Президент попробовал моргнуть. Не получилось. Он потянулся рукой к глинтвейну, немного отхлебнул и посмотрел в окно. Луна светила над деревьями. На кронах лежал ее бледный свет. Вдалеке поблескивали звезды. Но Президент не любил звезды. Президент любил луну. Он открыл левый глаз и недовольно спросил:
– Зачем?
– Ну как же… – совсем растерялся Серебров, – звонят ведь.
– Звонят?.. – переспросил Президент. – Кто? А, Франция? Да, да, давай.
Серебров перевел звонок и облегченно выдохнул. Он жил в гостевом домике недалеко от самого особняка и мог видеть свет в комнате Президента. Серебров сел на кровать, пригладил рукой седые волосы на макушке и перестал дышать. Его маленькие, глубоко посаженные глазки кидались из стороны в сторону и никак не могли на чем-нибудь остановиться. Он был уже давно не мальчик, он многое видел и многое хотел забыть, уже прошло то время, когда он мог влюбиться или в чем-то изменить себе. Но каждый раз, глядя в сторону Президента, Серебров невольно вздрагивал и замирал. Чем старше становились они оба, тем меньше они общались с глазу на глаз, как в начале – когда были бокс, дзюдо и, конечно, чай… Серебров чувствовал, что Президент изменился, стал строже и как будто выше, а сам он – после жены, детей и даже внуков, после высоких должностей и медных труб, – сам он не поменялся ни на йоту. С того времени, как Серебров ушел с поста начальника охраны Президента, прошло совсем немного лет. Он жил с женой, у него и самого был неплохой дом с видом на кроны и луну, но в последнее время Серебров все чаще стал ночевать в усадьбе Президента. И хотя Президент этого не одобрял, он никогда не отказывал в маленькой прихоти генералу, тем более что заодно Серебров мог помогать ему в быту. Например, переключать звонки.

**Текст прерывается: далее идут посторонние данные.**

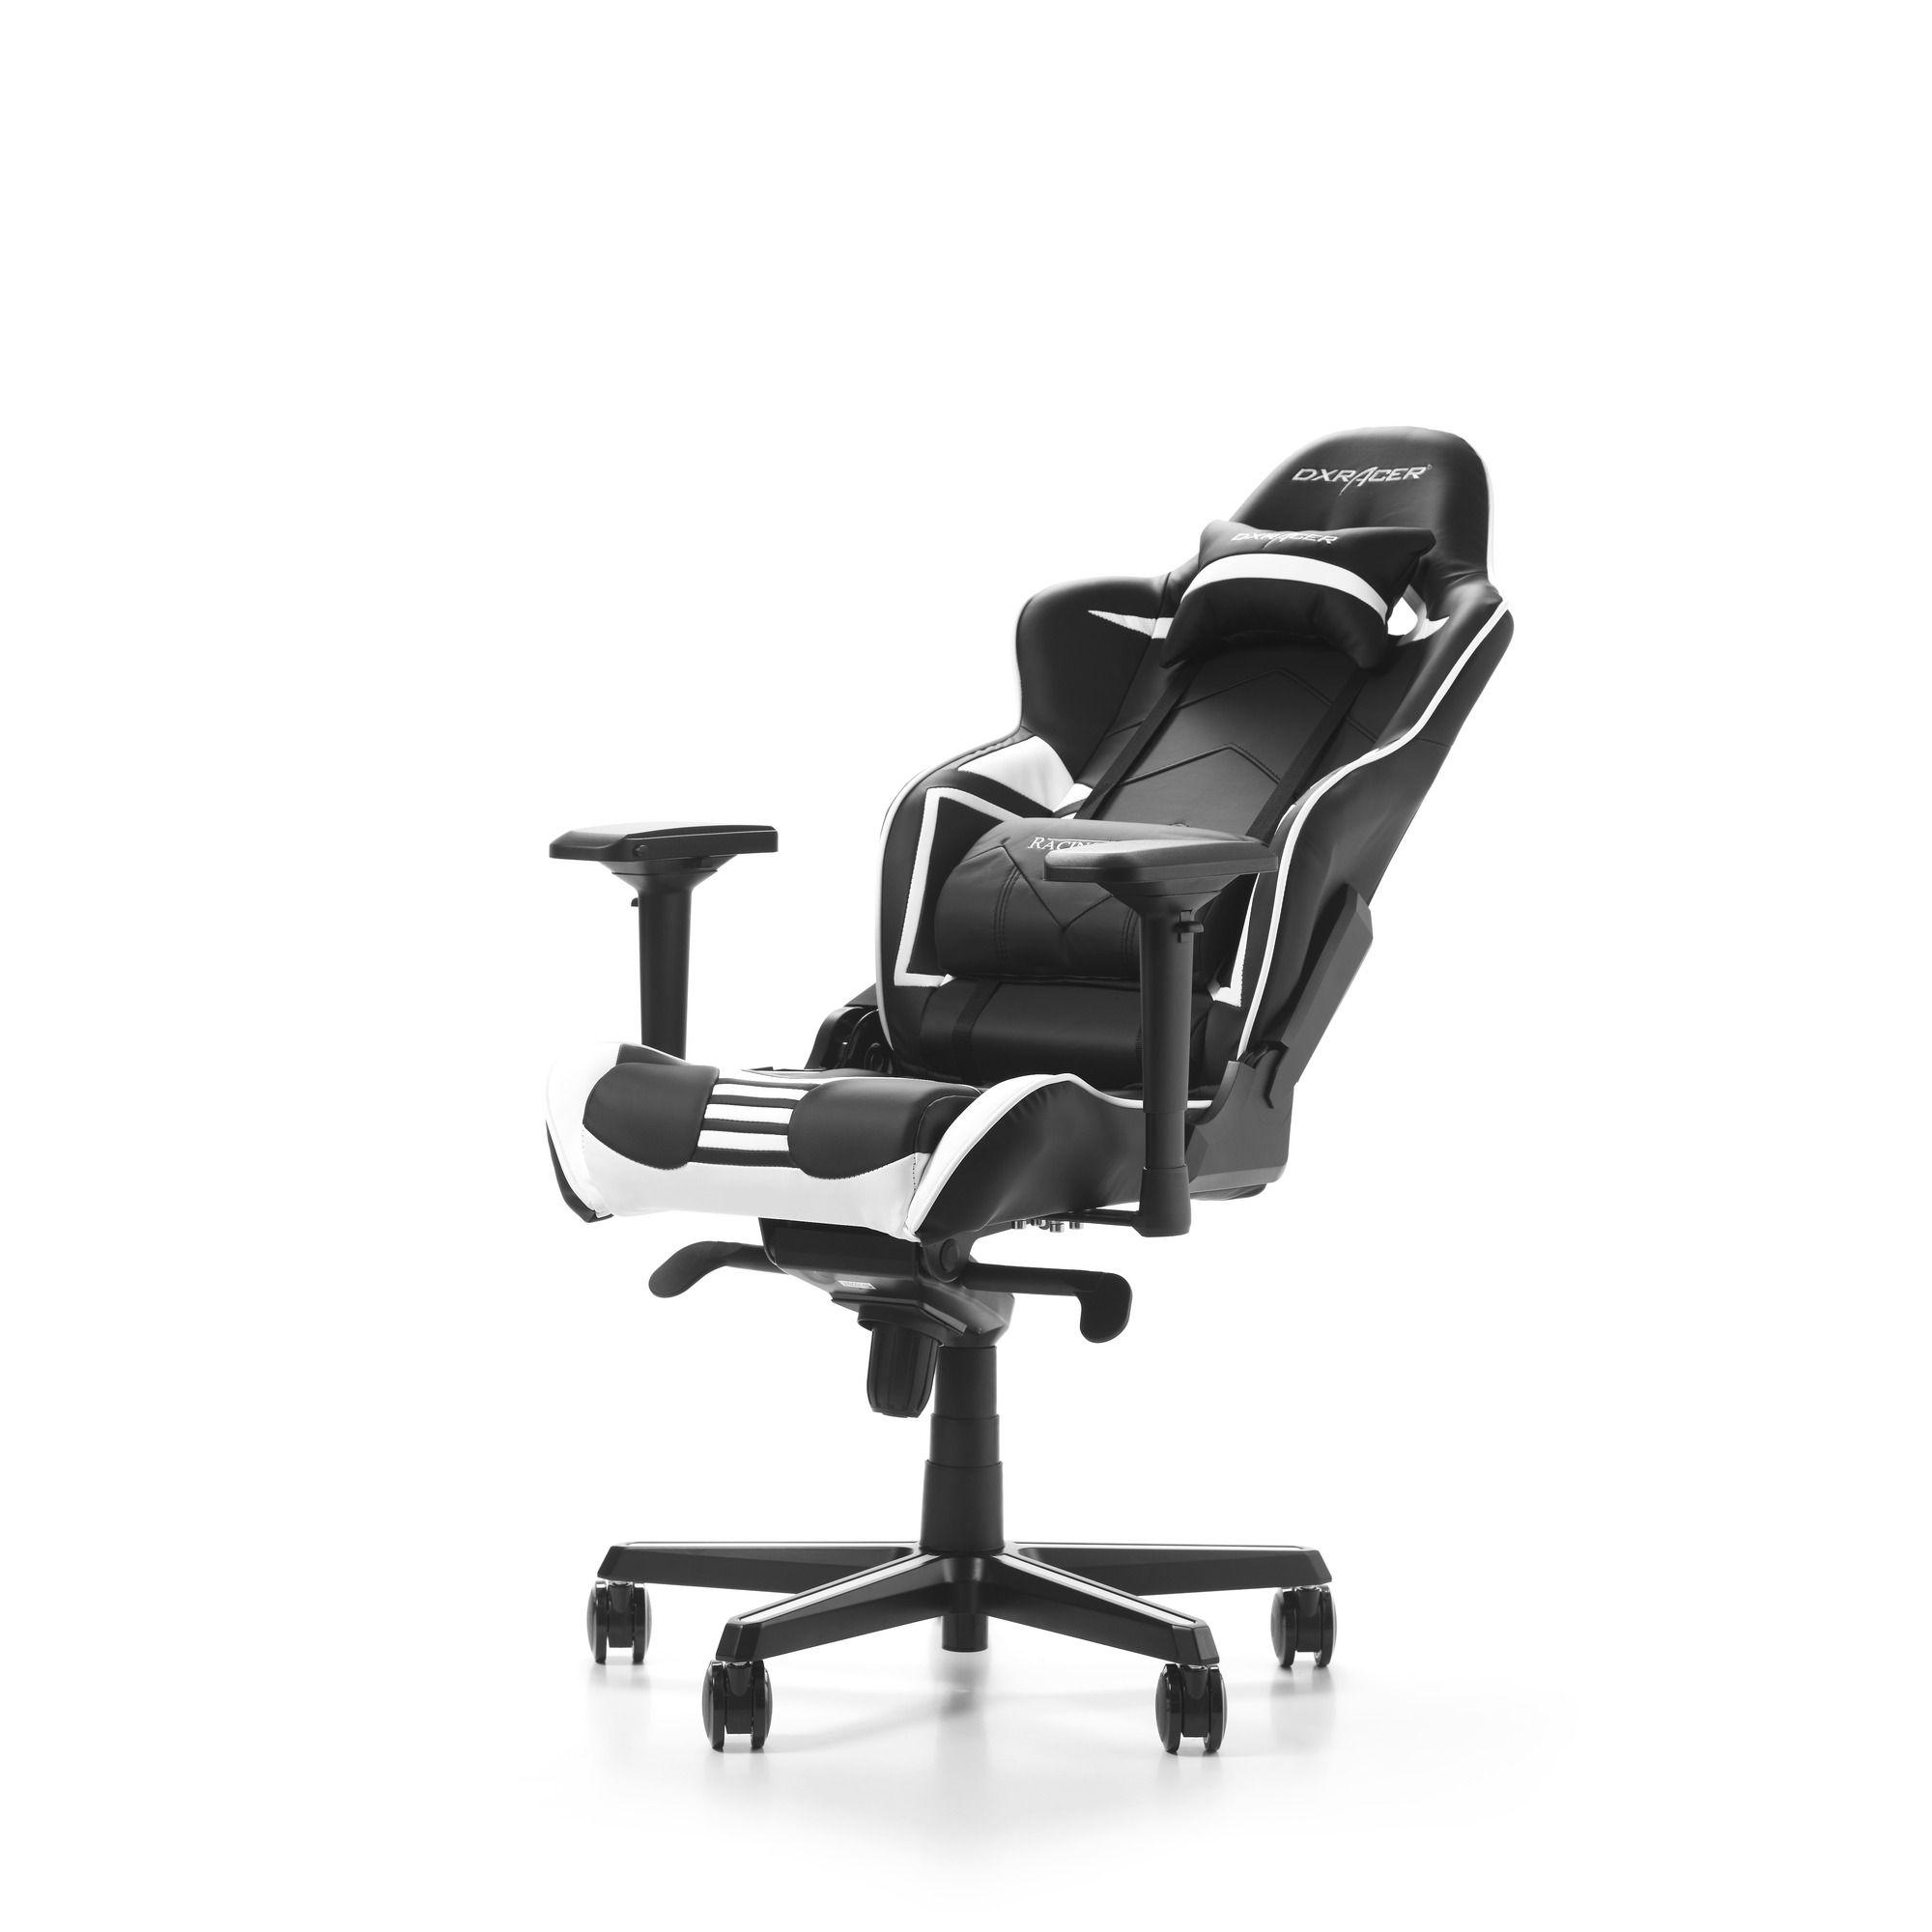 Гейминг стол DXRacer OH/RV131/NW - серия RACING V2, черен/бял - 2

Сейчас в голове Сереброва не было никаких мыслей, он ни о чем не думал – и только его глаза не отрывались от особняка. Сереброву больше не хотелось спать. Он следил за окном Президента, единственным в стране окном, в котором горел свет.
– Я вас слушаю, – отрывисто начал Президент.
– Господин Президент, здравствуйте!
– Здравствуйте, – Президент зевнул, – коллега.
– Я вас бужу? Конечно же бужу… Какой ужасный день, господин Президент! Какой страшный день!
Они говорили по-английски. Президент Франции плакал. Его голос, обыкновенно бархатный, спокойный, сейчас срывался на фальцет. Президент не переносил слез. Он протер рукой заспанные глаза.
– Ну, ну… Будет, – мягко отрезал Президент. – Расскажите лучше. В чем дело?
– Помните? Как у Гюго… – Французский президент шмыгнул носом. – Клод Фролло мертвый. И Эсмеральда… Тоже. Повесили. И мама ее, в башне. И… Клод Фролло. Все в прах превращается!
– В прах?
– Да! Вот был горбун… – президент Франции всхлипнул, – и нету горбуна! Даже скелета нет, господин Президент, представляете? Даже косточки одной, чтобы сохранить на память.
– Без косточек тяжело бывает. Но вы в землю… Заройте… И поцелуйте потом…
Длинный узкий коридор отделял Президента России от деревянной двери с надписью: «Обернитесь». Президент обернулся. Позади него виднелась другая дверь, металлическая, над которой светилась надпись: «Обернитесь». Президент обернулся.
В Дрездене было холодно и сыро. Только прошел дождь. Люди убирали зонтики, в лужах отражалось солнце. На парковке городского парка стояла одна-единственная машина – зеленые «жигули», шестерка. Президент России сидел на скамейке и читал. Друг с другом перемигивались незнакомые Президенту деревья, а знакомые (тут были ясени и буки, блестела белизной магнолия, а рядом с ней светилась голубая ель) почтительно ему кивали. Трещали дрозды. Президент попробовал прислушаться. Он никогда не разбирался в птицах. Им Президент предпочитал деревья.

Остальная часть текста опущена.